简体   繁体   English

pandas 从 url 读取 csv,起始行的 Z099FB995346F31C7549F6E40EDB0ZFZ 较少

[英]pandas read .csv from url, starting row has fewer header

I want to download a.csv file from this website (to directly download the csv, here ).我想从这个网站下载一个.csv文件(直接下载csv, 在这里)。 The problem I'm facing is, the row where i want to start importing has fewer columns than than rows in the later part, and I just cannot figure out how to read into pandas.我面临的问题是,我要开始导入的行的列比后面部分的行少,我只是不知道如何读入 pandas。

Indeed, this csv file is quite not beautiful.确实,这个 csv 文件相当不美观。

在此处输入图像描述

Here is how I want to import the csv in pandas:这是我想在 pandas 中导入 csv 的方式:

  1. Ignore the first row where there are "Trade Date"忽略有“交易日期”的第一行

  2. Separate data frame between sections(using for loop, separate wherever there is a blank row)部分之间的单独数据框(使用for循环,只要有空白行就分开)

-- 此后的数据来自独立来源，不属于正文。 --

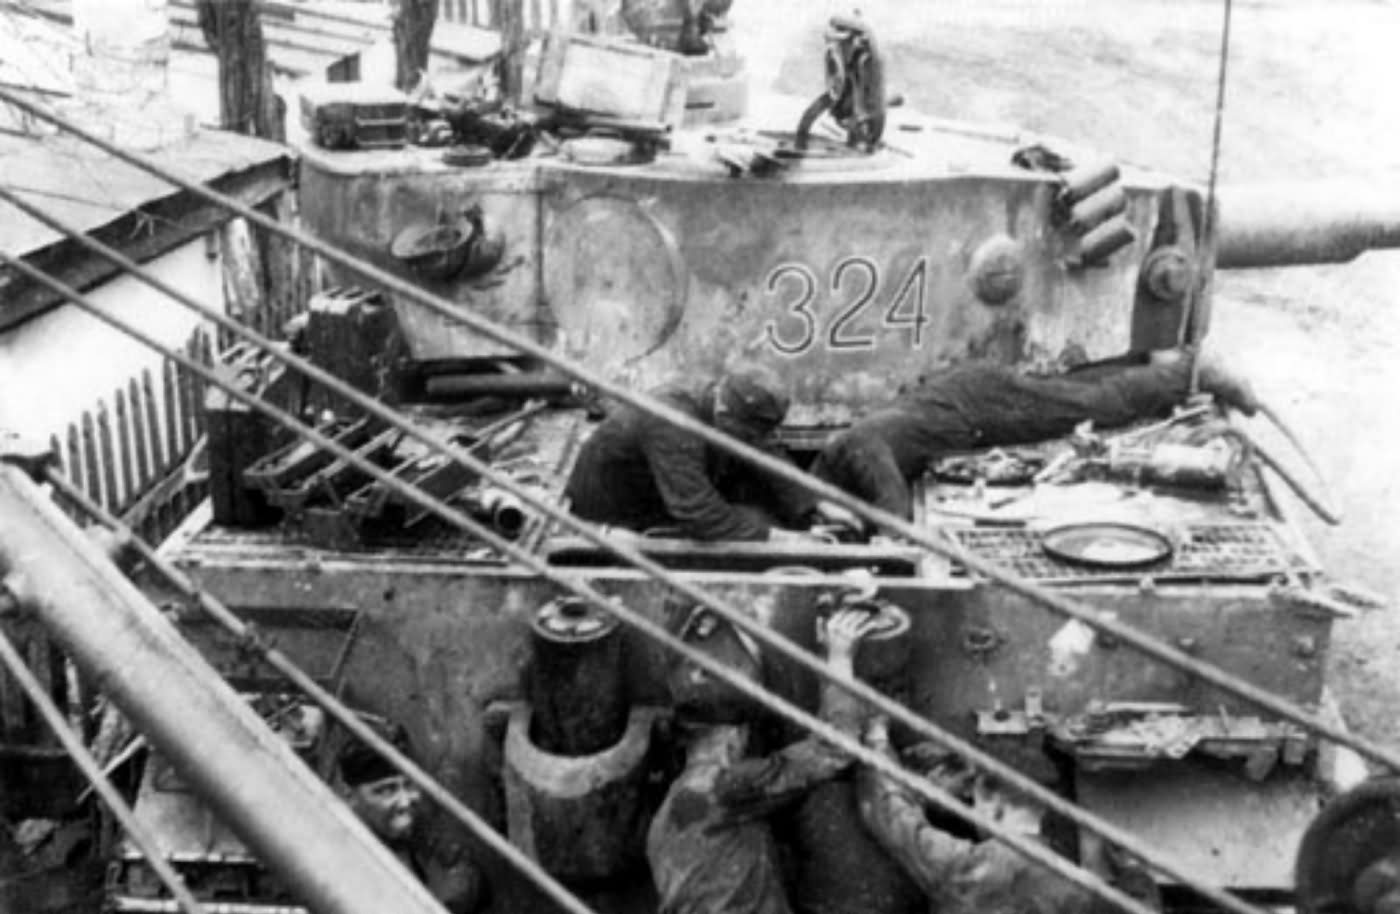 Panzer VI Tiger of Schwere Panzer-Abteilung 503, tank number 324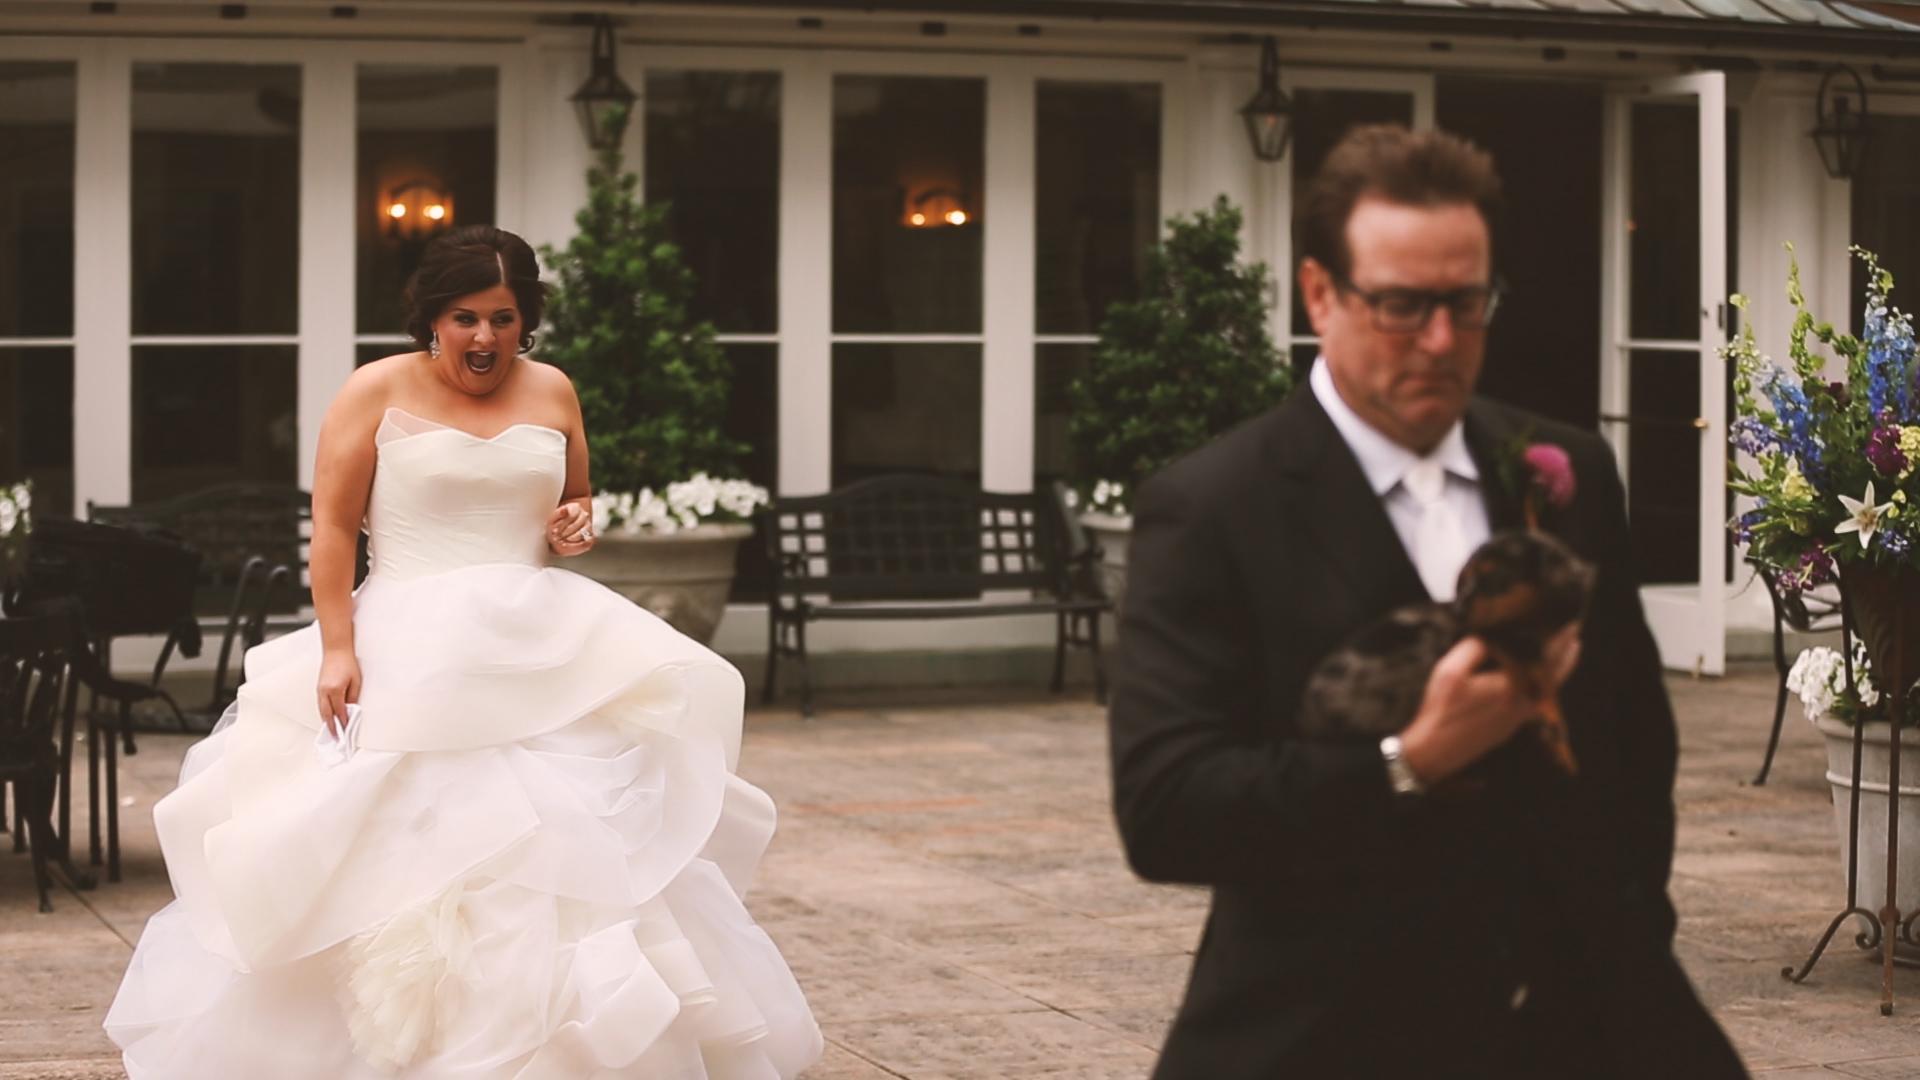 Bride Film - First Look

  3. Store JPX Code(such as 16509005) and Instrument(such as FUT_TOPIX_2009) in additional columns.将 JPX 代码(例如 16509005)和仪器(例如 FUT_TOPIX_2009)存储在附加列中。

  4. Set headers ['institutions_sell_code', 'institutions_sell', 'institutions_sell_eng', 'amount_sell', 'institutions_buy_code', 'institutions_buy', 'institutions_buy_eng', 'amount_buy', 'JPX_code', 'instrument']设置标题 ['institutions_sell_code'、'institutions_sell'、'institutions_sell_eng'、'amount_sell'、'institutions_buy_code'、'institutions_buy'、'institutions_buy_eng'、'amount_buy'、'JPX_code'、'instrument']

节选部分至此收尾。